Task details:
In the data below, restate exactly the lines from the one with "Apple Magic Keyboard" to the final line, both included, but not the pictures.

Collected data:
-- Opening Marker --

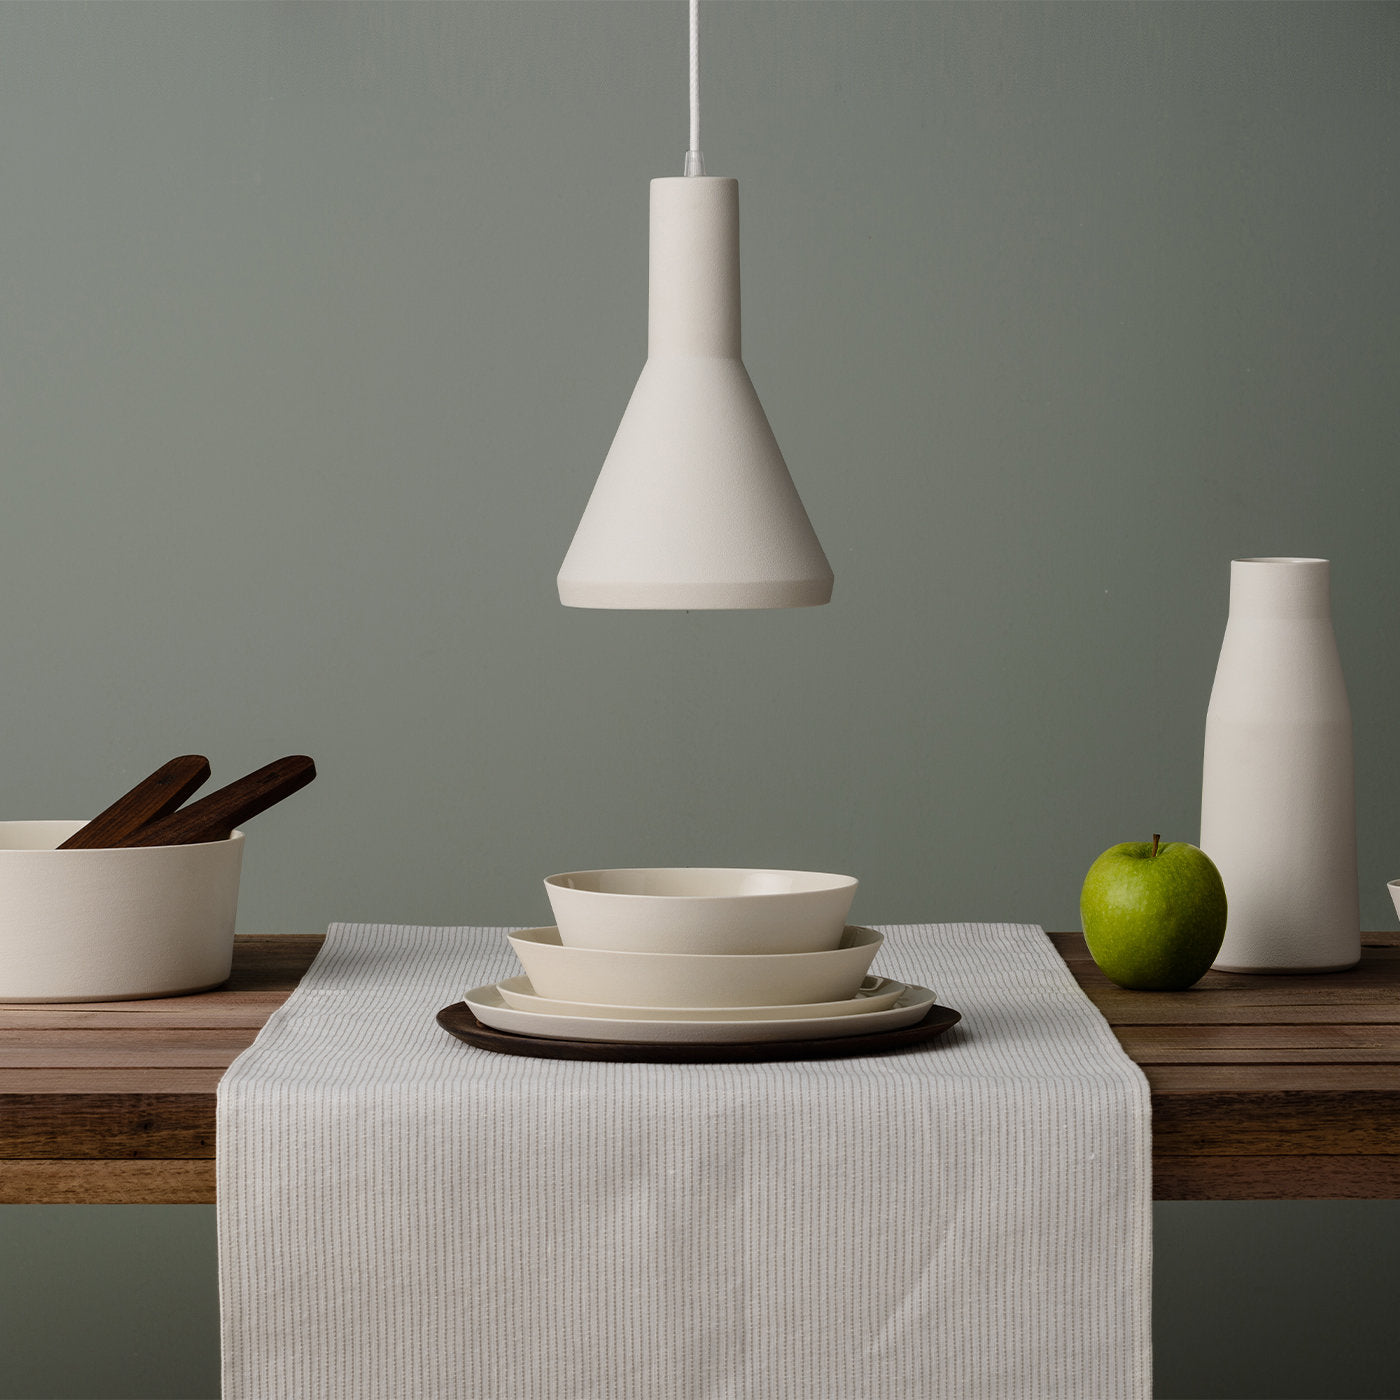 Set of 6 White Ceramic Soup Bowls - Alternative view 1
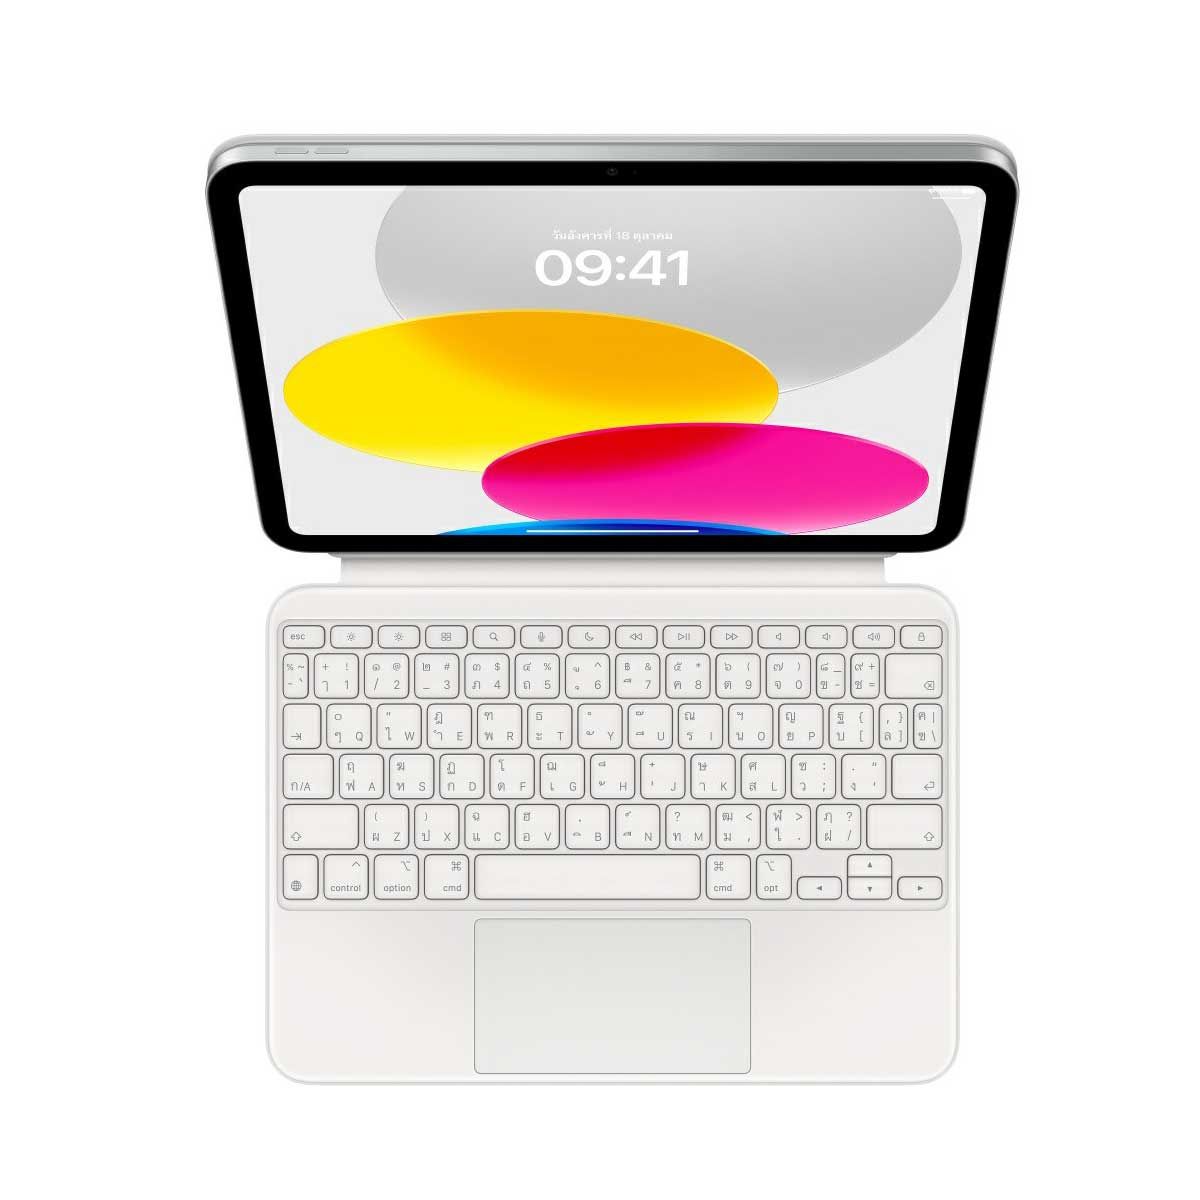 Apple Magic Keyboard Folio for iPad (10th gen)
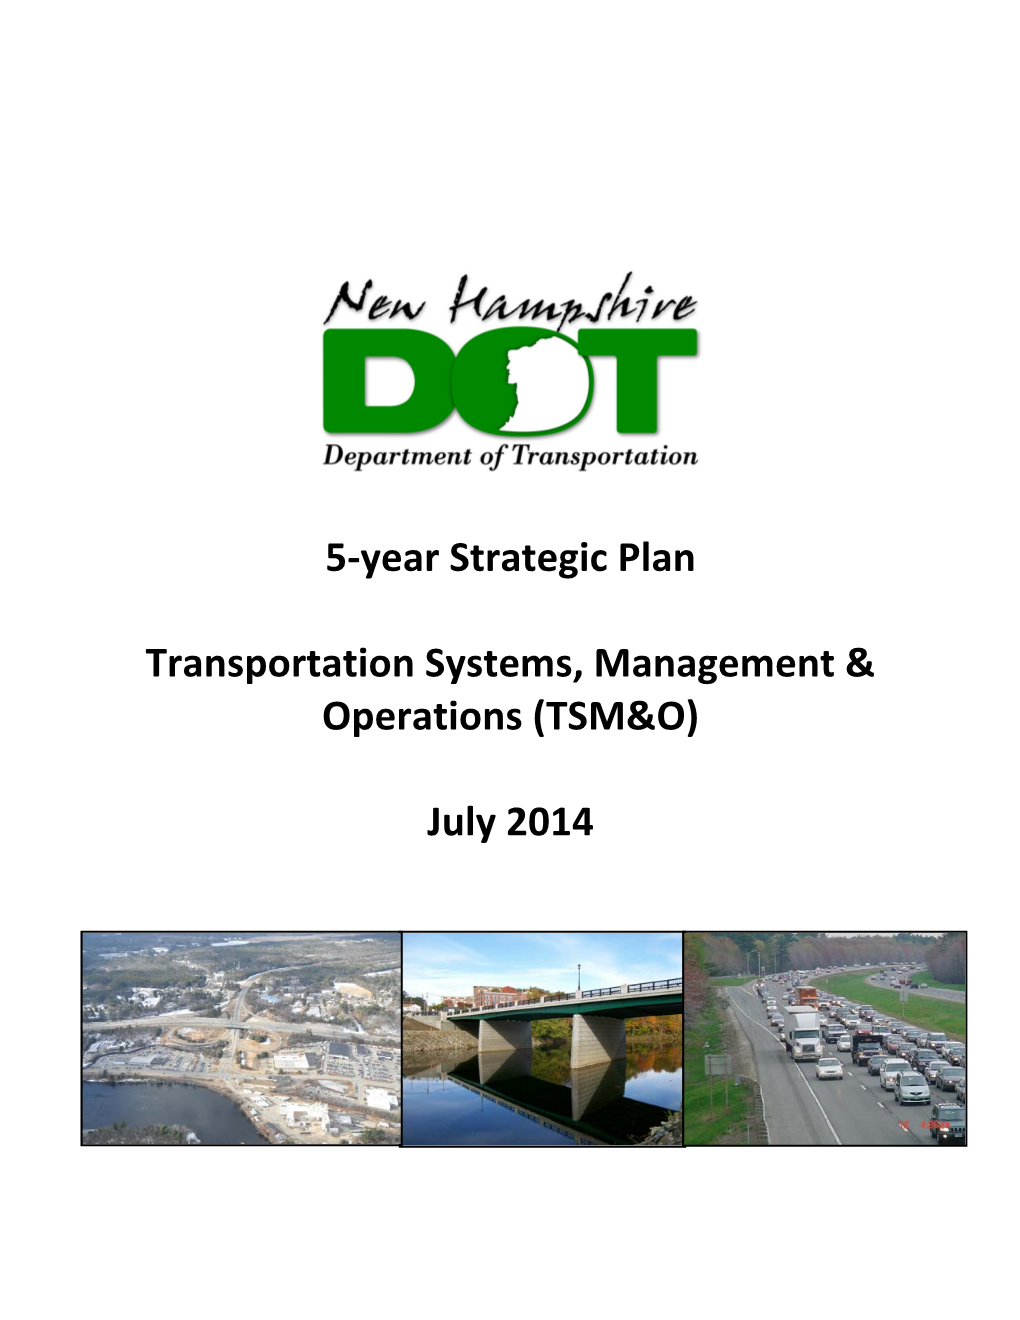 5-Year Strategic Plan Transportation Systems, Management & Operations

-- Closing Marker --

Task answer:
 Apple Magic Keyboard Folio for iPad (10th gen)
 5-Year Strategic Plan Transportation Systems, Management & Operations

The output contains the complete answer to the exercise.